PI-061 - EFFECT OF A MODERATE CYP3A4 INDUCER ON ENCORAFENIB IN COMBINATION WITH BINIMETINIB IN PATIENTS WITH BRAF V600-MUTANT UNRESECTABLE OR METASTATIC MELANOMA OR OTHER ADVANCED SOLID TUMORS.

J. Piscitelli¹, M. Reddy², J. Gong³, K. Matschke⁴, A. Fomin¹, J. Williams¹; ¹Pfizer, San Diego, CA, USA, ²Pfizer, Boulder, CO, USA, ³Pfizer, New York, NY, USA, ⁴Pfizer, Collegeville, PA, USA.

Background: Encorafenib in combination with binimetinib or cetuximab is indicated for patients with unresectable or metastatic melanoma or metastatic colorectal cancer, respectively, with selected BRAF V600 mutations. In vitro data indicated that encorafenib is mainly metabolized by CYP3A4, making encorafenib susceptible to DDI when coadministered with CYP inhibitors or inducers (in addition to auto-induction of CYP3A4 after multiple encorafenib doses). The current clinical study was designed to evaluate the effect of multiple doses of modafinil, a moderate CYP3A4 inducer when administered at 400 mg, on the multiple oral dose PK of encorafenib and its metabolite, LHY746, in advanced cancer patients.

Methods: This was an open-label, fixed-sequence study conducted in patients with BRAF V600-mutant unresectable or metastatic melanoma or other advanced solid tumors. Treatment of 400 mg QD modafinil was given on Day 15 through Day 21. Encorafenib 450 mg QD and binimetinib 45 mg BID were administered starting on Day 1. PK sampling was conducted from 0 to 8 hours on Day 14 and Day 21. Exposure parameters were calculated for each patient by noncompartmental analysis and geometric least-squares mean ratio.

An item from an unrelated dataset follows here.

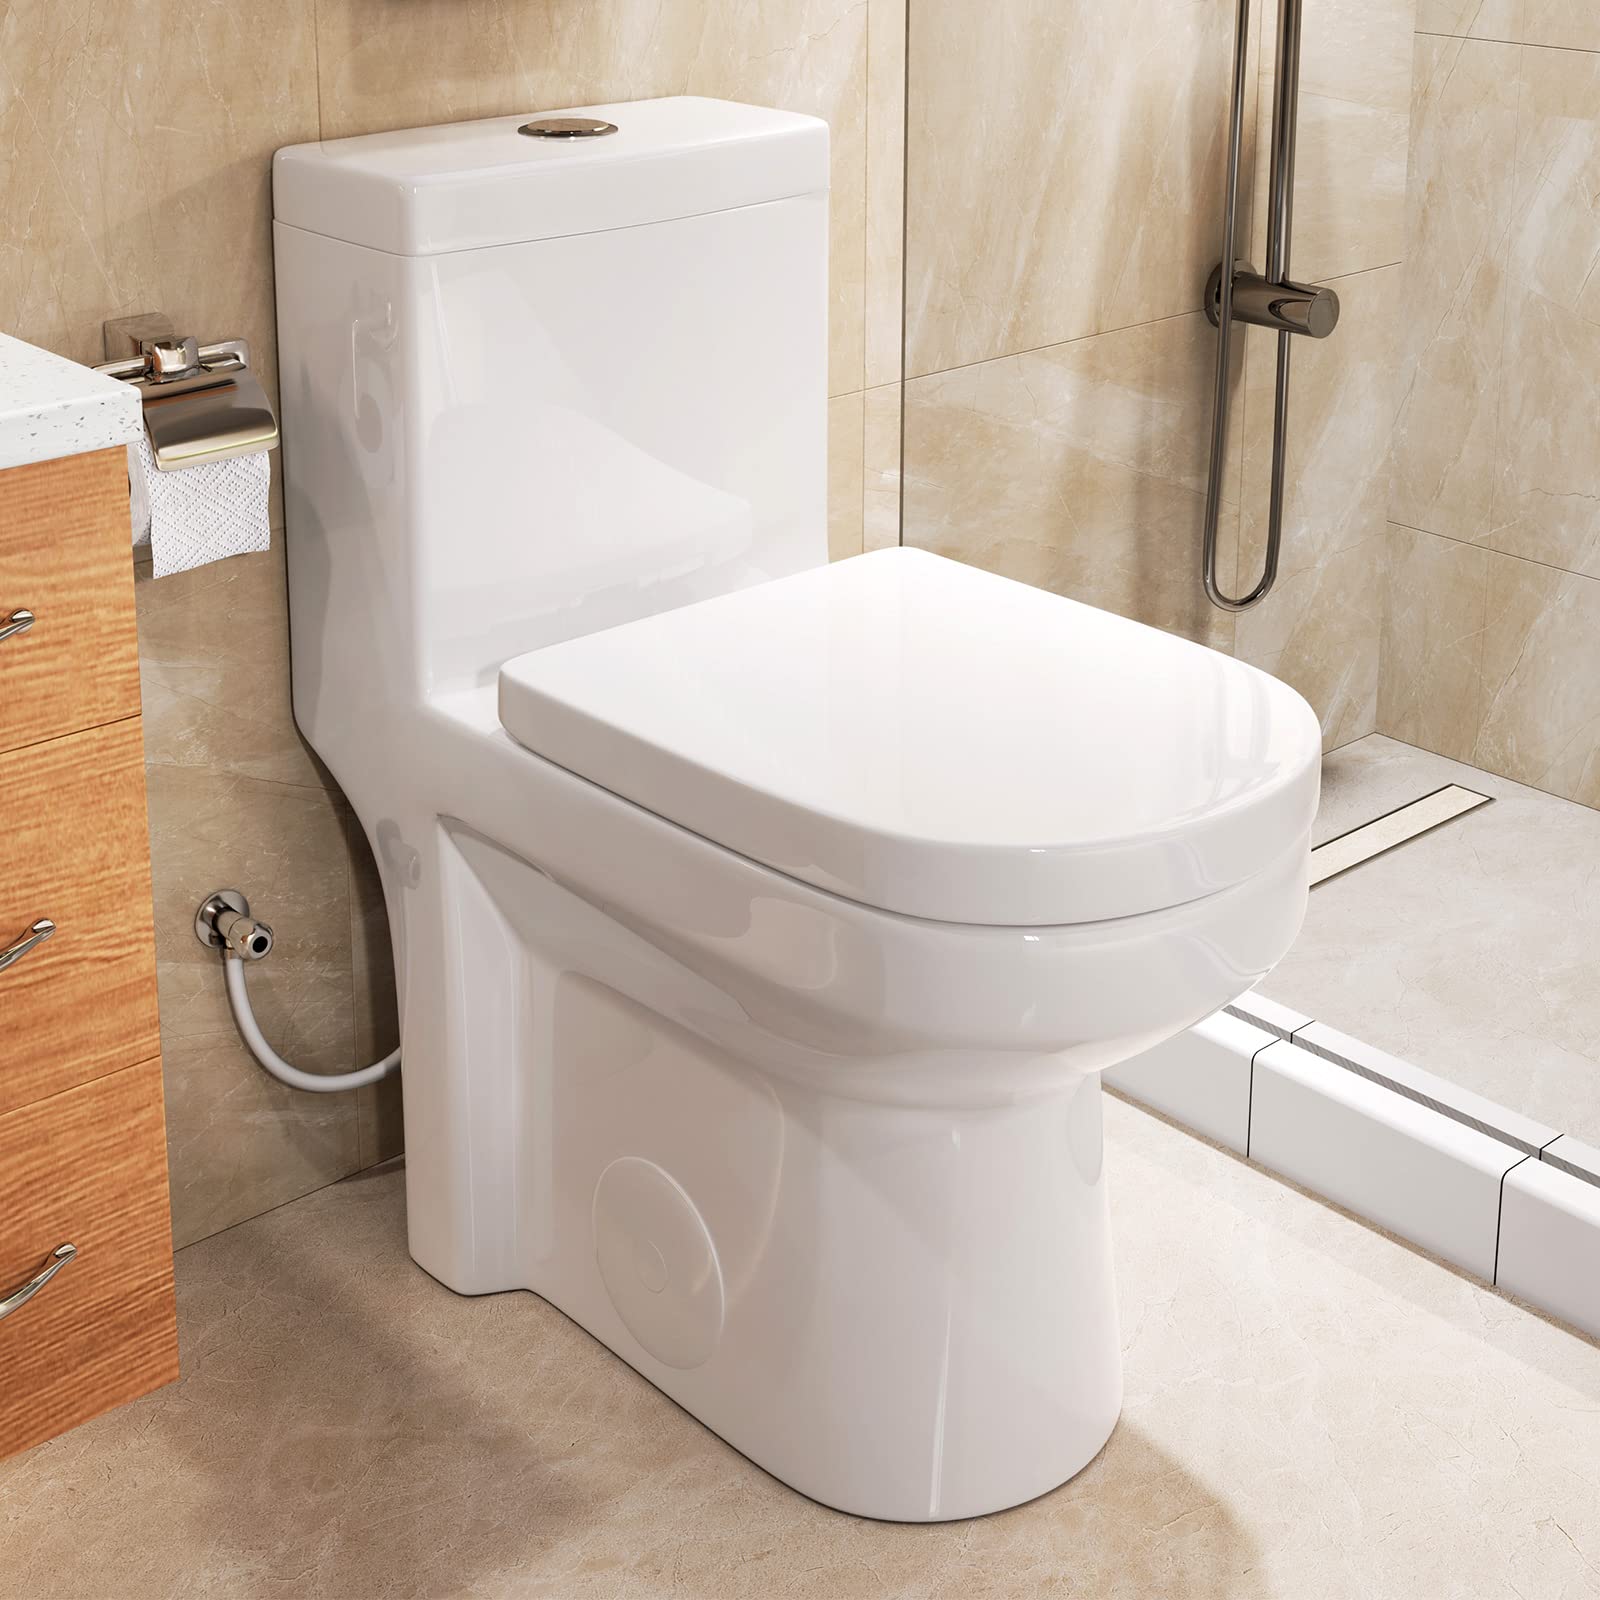 HOROW HWMT-8733 Small Compact One Piece Toilet

Corresponding 90% confidence intervals were calculated to estimate the magnitude of effects.

Results: Among 10 PK evaluable patients, encorafenib Cmax and AUClast were decreased in presence of steady-state modafinil by approximately 30%. LHY746 exposures were not substantially changed in the presence of steady-state modafinil.

Conclusion: The results from this clinical study indicate modafinil had a mild effect on encorafenib PK. Based on these results, encorafenib can be coadministered with a moderate CYP3A4 inducer without dosing adjustment.